## EXERCISE DESCRIPTION
Here the job is to transcribe the data verbatim while leaving each picture out.

## MATERIAL PROVIDED
============
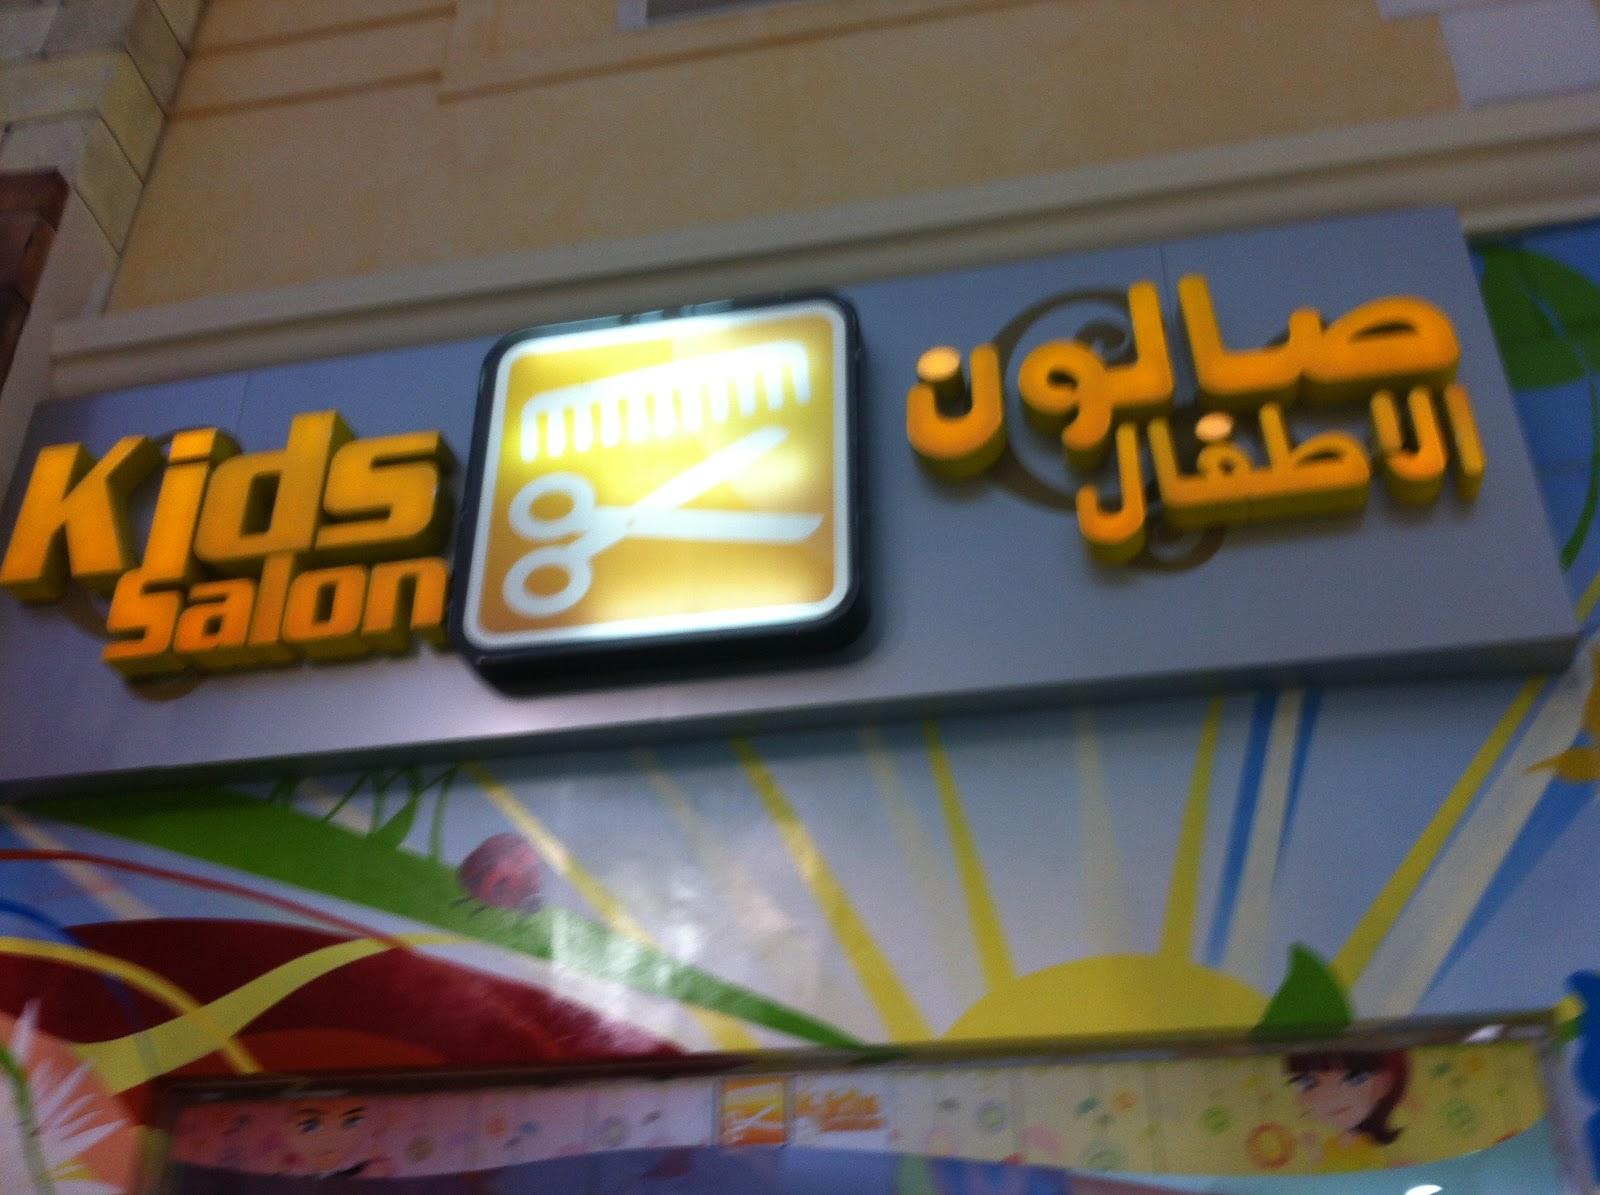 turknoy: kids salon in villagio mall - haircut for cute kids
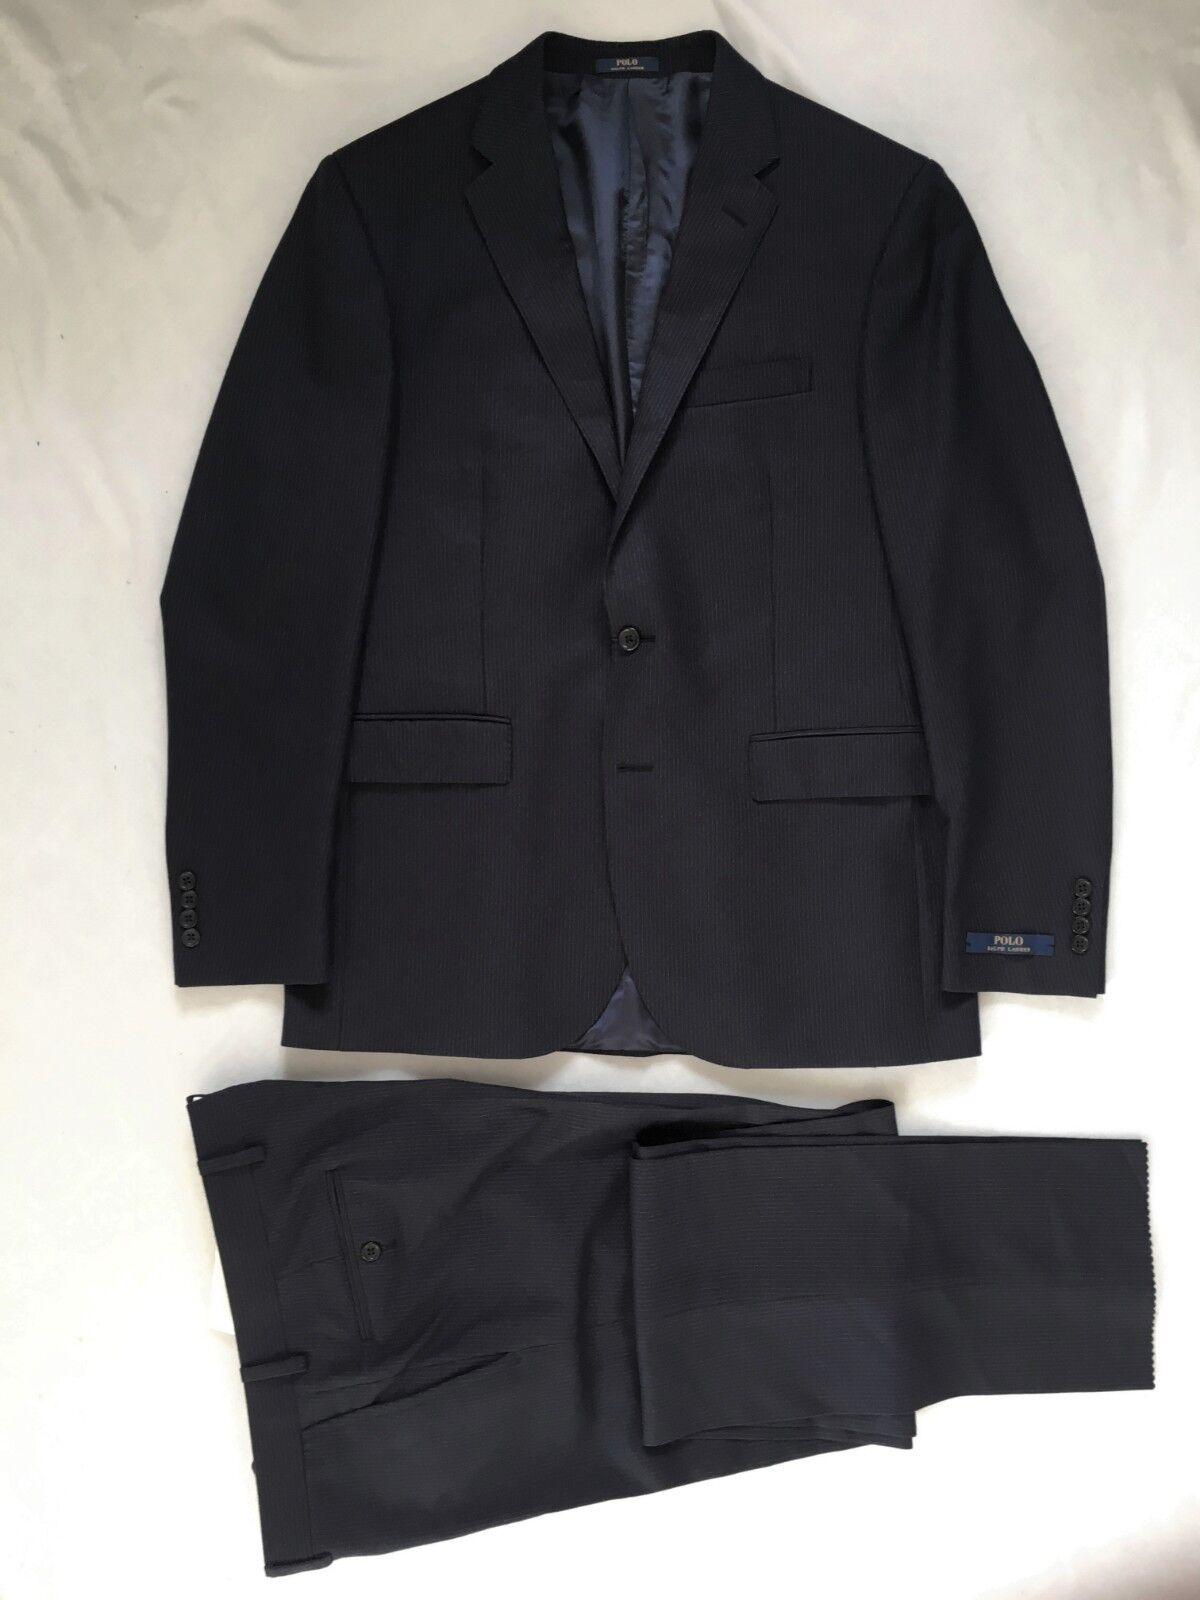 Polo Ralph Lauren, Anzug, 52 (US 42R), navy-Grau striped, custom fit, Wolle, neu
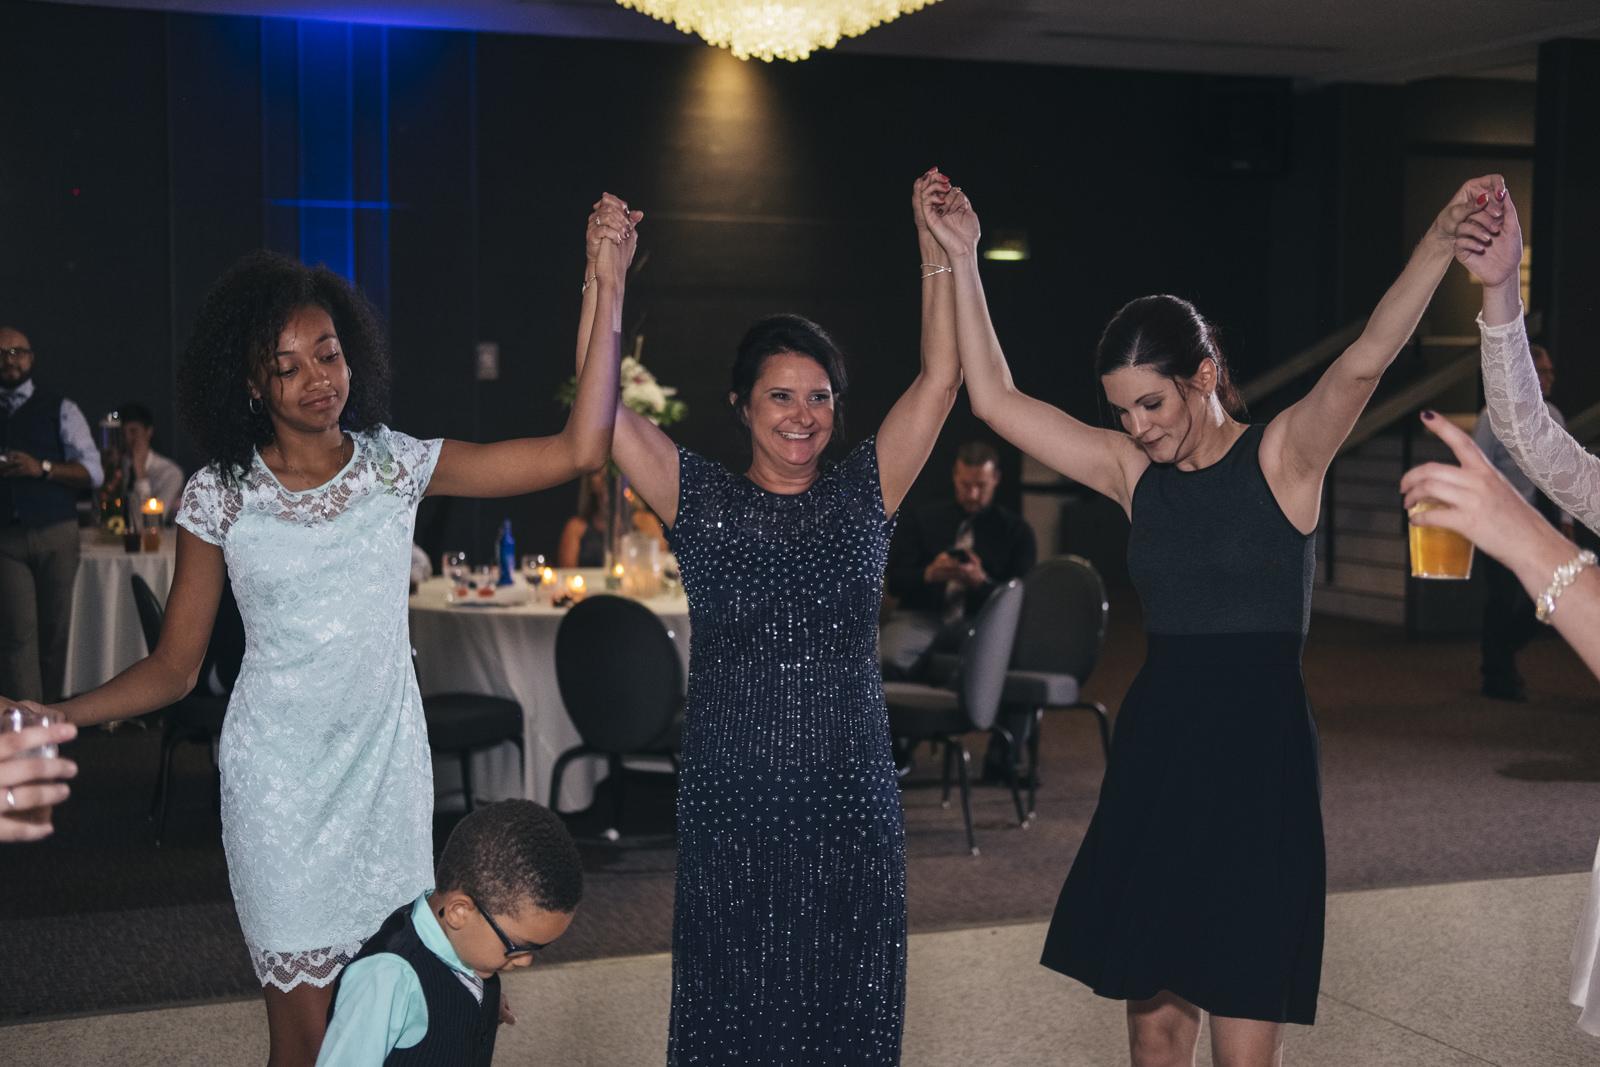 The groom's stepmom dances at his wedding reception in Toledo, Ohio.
============
## ANSWER SECTION
 turknoy: kids salon in villagio mall - haircut for cute kids
 Polo Ralph Lauren, Anzug, 52 (US 42R), navy-Grau striped, custom fit, Wolle, neu
 The groom's stepmom dances at his wedding reception in Toledo, Ohio.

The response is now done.